Ross now shopping at the Big and Tall

SUCCESSFUL RECRUITING at Oregon State means having the ability to project, to identify a "skinny" offensive lineman with the frame, quick feet and skills that will serve the team well down the road. And, of course, you have to land that recruit. OSU did that last year with Rory Ross. And having grayshirted this season, he'll arrive looking a whole lot different than he did at this time last year.

About 50 pounds different.

Coming out of Peoria, Ariz., Ross checked in at 6-foot-4 and 250 pounds when he signed with OSU last year. He'll start classes at Oregon State next month as a 6-4.5, 300-pound freshman.

"I'll be checking in (at Oregon State) Jan. 3," said Ross. "I've just been working out, running, trying to get my weight up. I'm actually about 300, now."

Ross also put on the "good kind" of weight, lifting every other day and packing a lot of protein into his diet. He also kept up with his cardio through jump roping and playing lots of hoops.

Speaking of hoops, and to give a glimpse into his athleticism and how he added the weight, Ross can still dunk a basketball despite the extra bulk. That was one of the oft-repeated questions line coach Mike Cavanaugh has had for him, said Ross.

"Coach Cav, he calls every week or so just to make sure I can still dunk the basketball," said Ross. "I think that was one thing that kind of impressed him, that I could still dunk."

Ross' preparation wasn't limited to the gym, he's also been doing some studying, catching most of the OSU games on TV and also going to the ASU game in person.

"I definitely watched that line, I think that line was pretty highly rated. I just watched those guys and tried to get a sense of what they were doing, their and my dad also went to the ASU game and met those guys over at their hotel and hung out with them in Tempe," said Ross.

One of the reasons Oregon State signed Ross last year was because of his foot speed, something Ross said he doesn't expect to change despite the weight gain.

"I think foot speed is more of an instinct, either you've got it or you don't.
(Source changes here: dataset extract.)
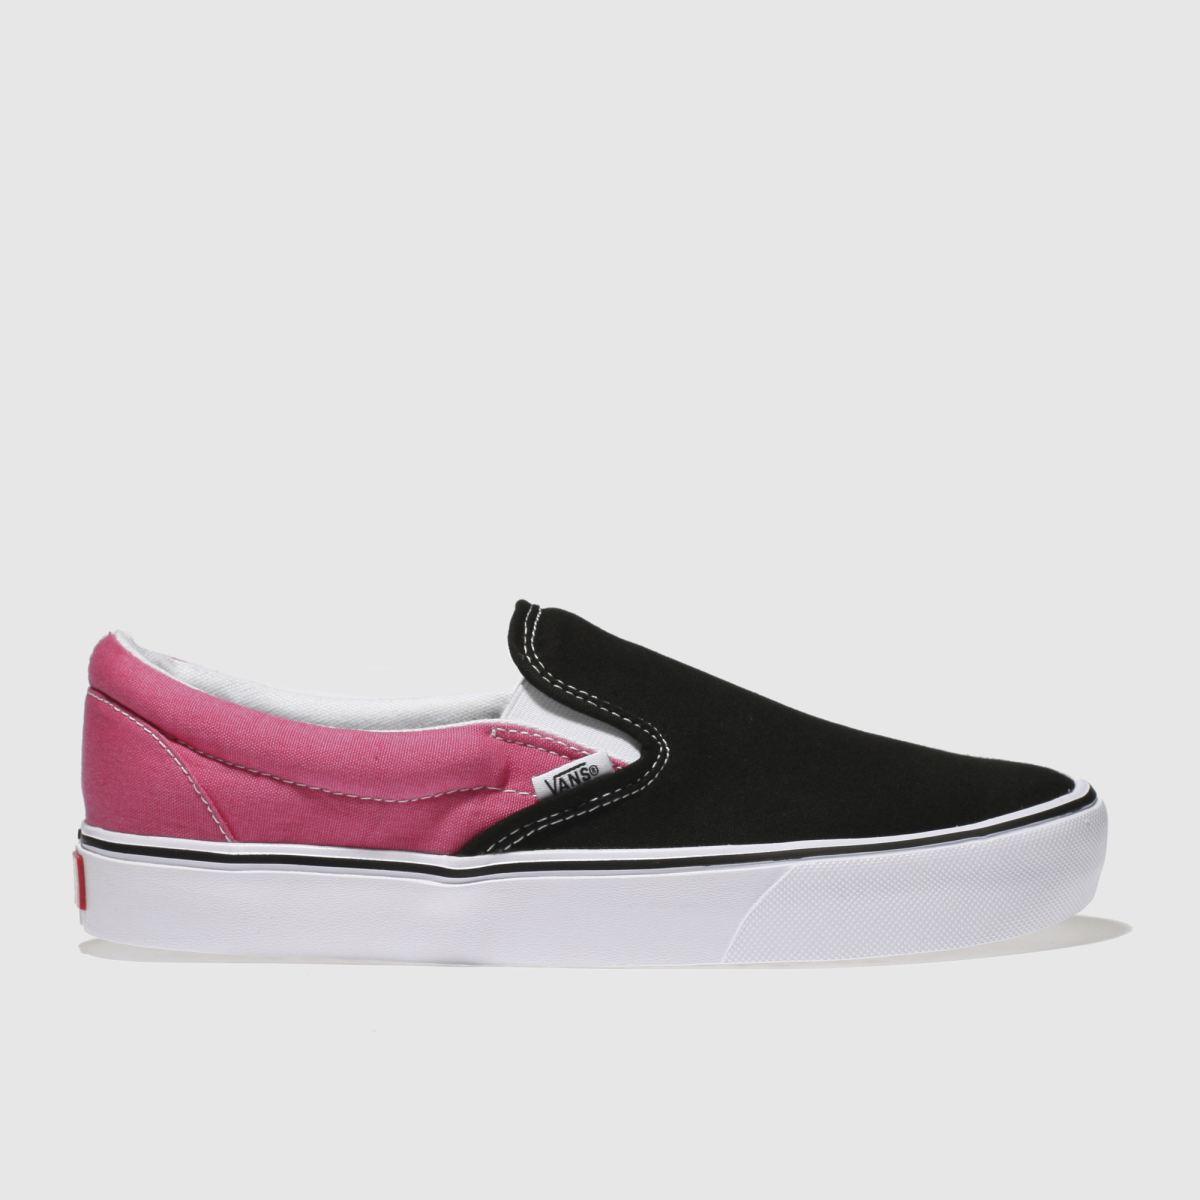 Vans Black & Pink Slip-on Lite Trainers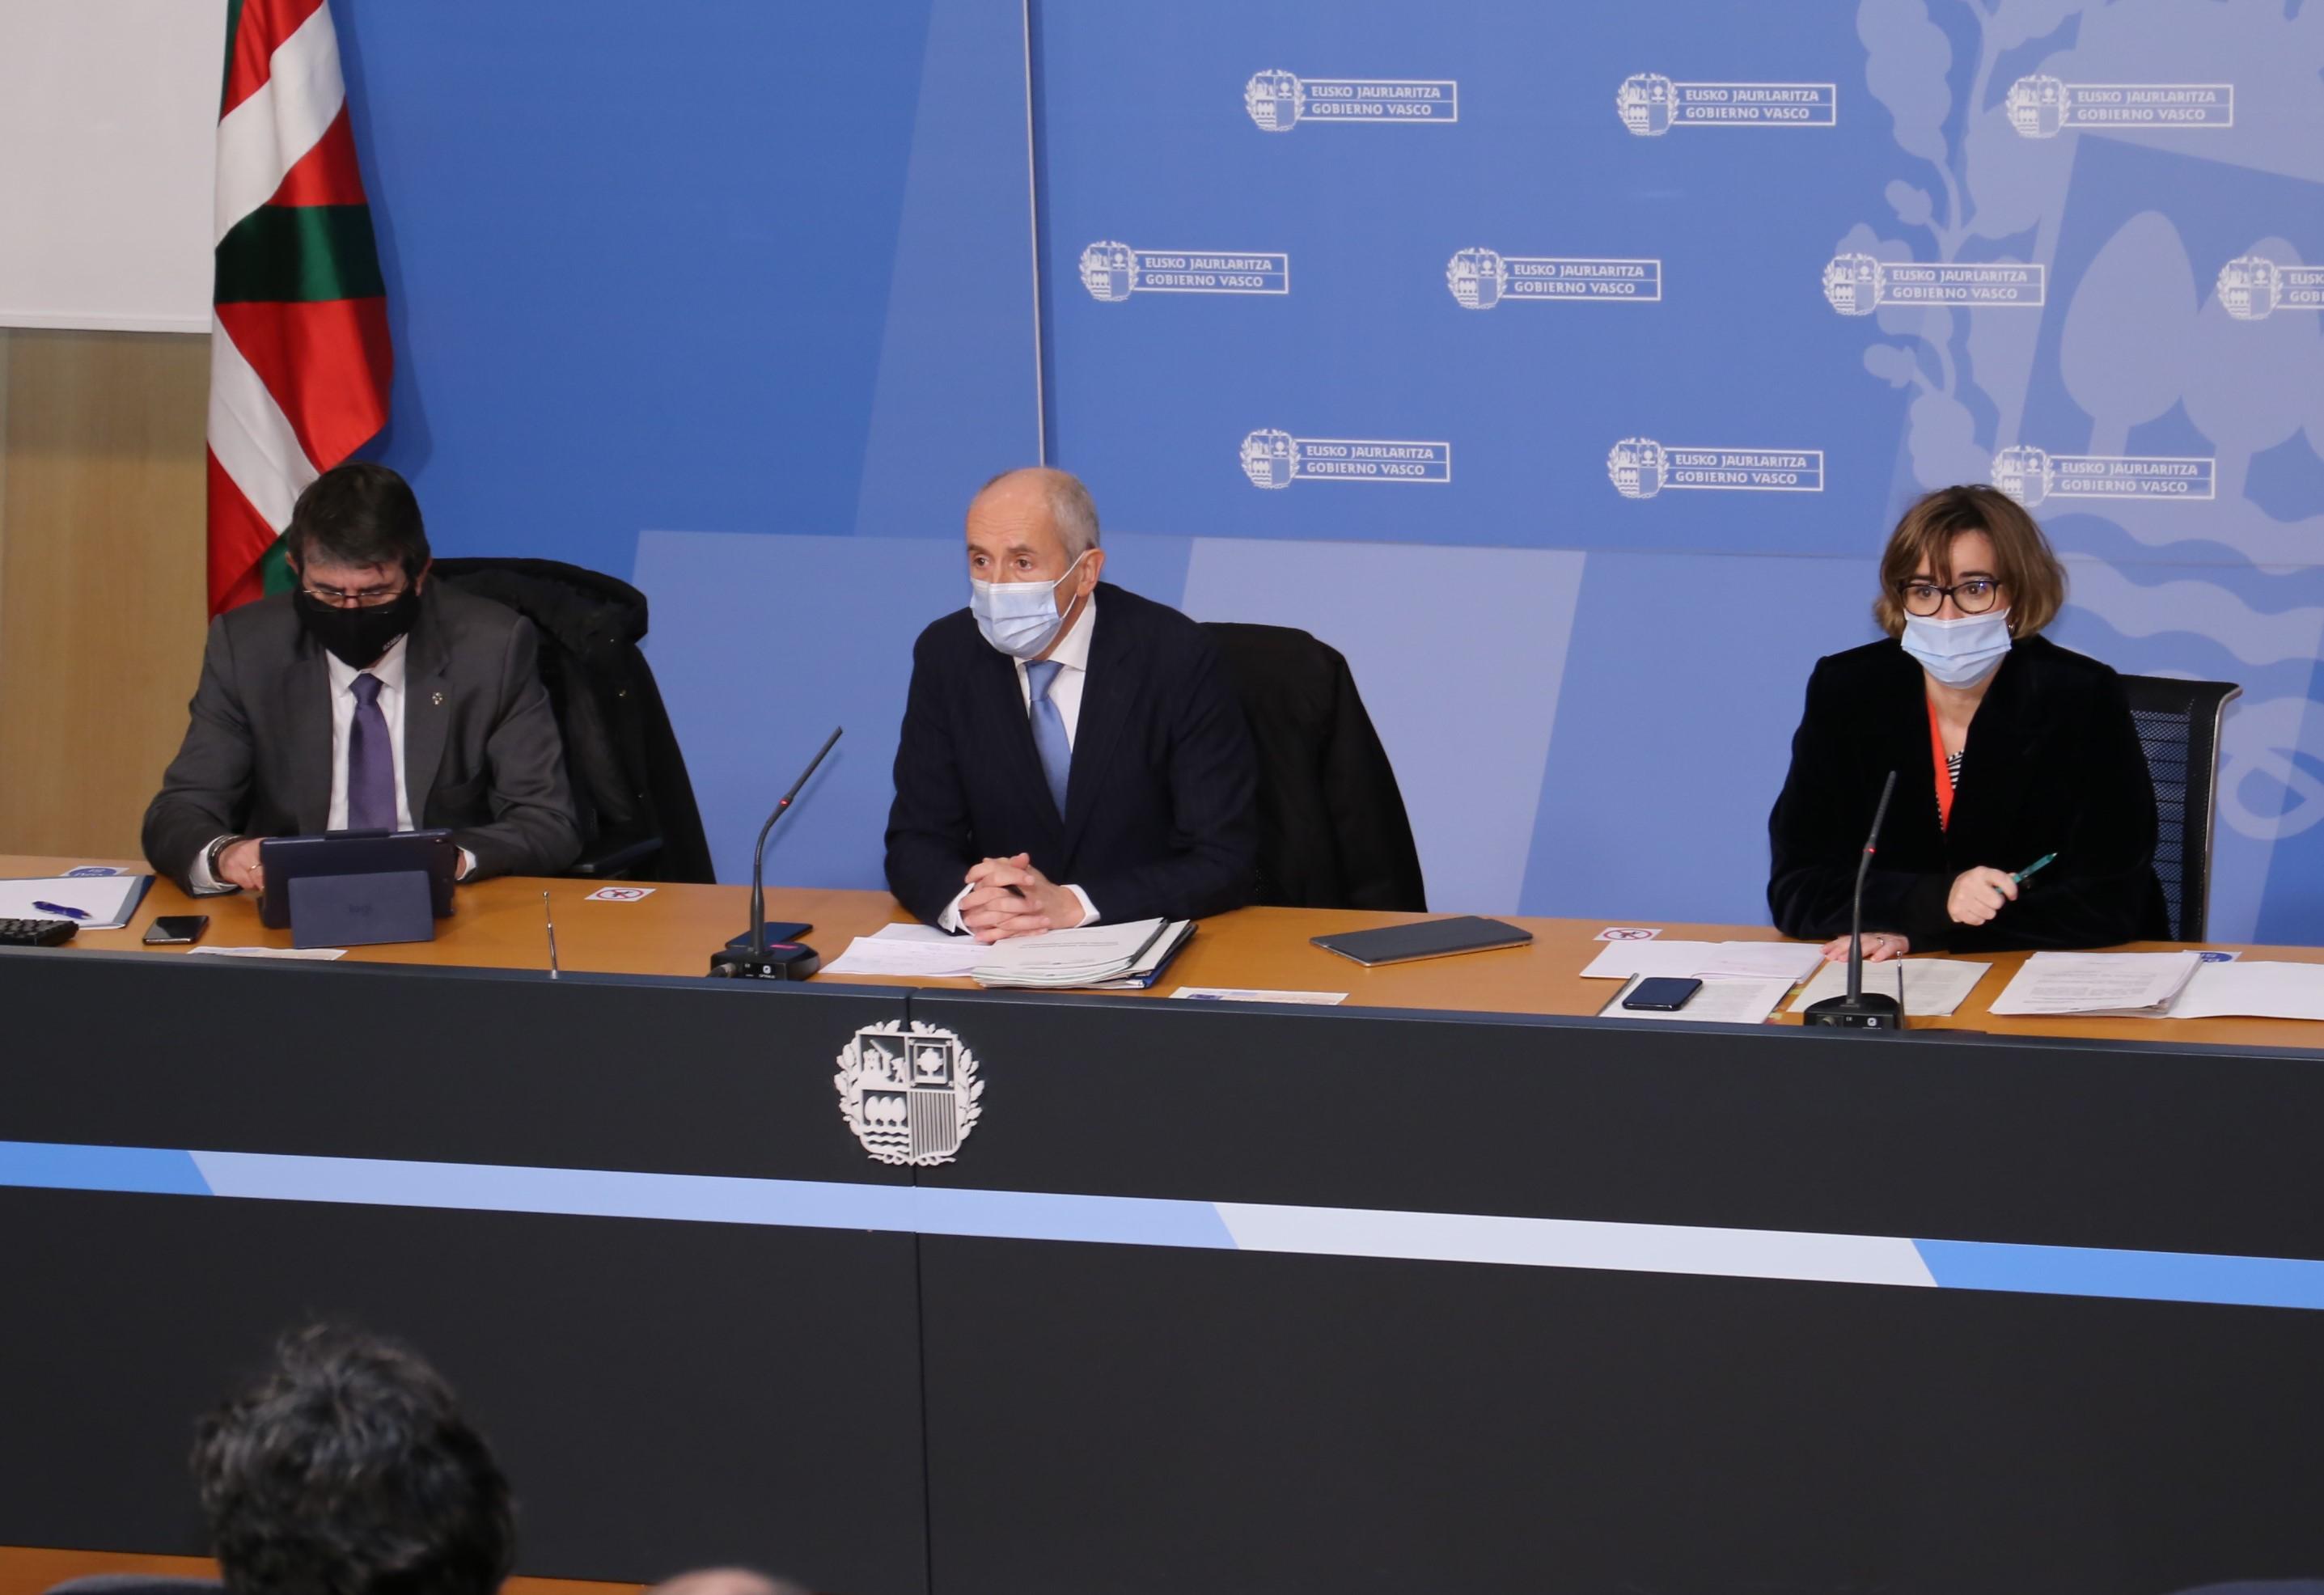 """El Gobierno presenta al Consejo de la Ertzaintza el proyecto de """"Centro de Detención Unificada"""" que se habilitará este año en la Ertzain-etxea de Lakua [2:28]"""

But I think it will be a challenge to get the conditioning up, it's quite a bit of weight to put on over the 7 months or whatever it's been," he said.

To that end, Ross said he's looking forward to getting in the Beavers' strength program and, because he grayshirted, having a spring ball to go through prior to fall camp.

"I'm just trying to get my wind up now," said Ross. "I think it's mostly about getting some really good training and conditioning (at OSU) to be able to carry the weight, I think that's the main thing, getting that wind up."

Ross has quite a reach, with a wing span of 6-foot-8. He played tackle for the first time as a senior at Peoria High, the prior two seasons at tight end.

Peoria head coach Doug Clapp, who has 30 years of experience, said this past January that Ross has potential coming out of his shoes.

"I told Rory...`If I'm right about you, you will not only make it at the college level, I will see you in the NFL,'" Clapp told just before last Signing Day. "He is very quick and has the frame to be an excellent player. Oregon State is getting a terrific young man and he will be a joy to watch him develop."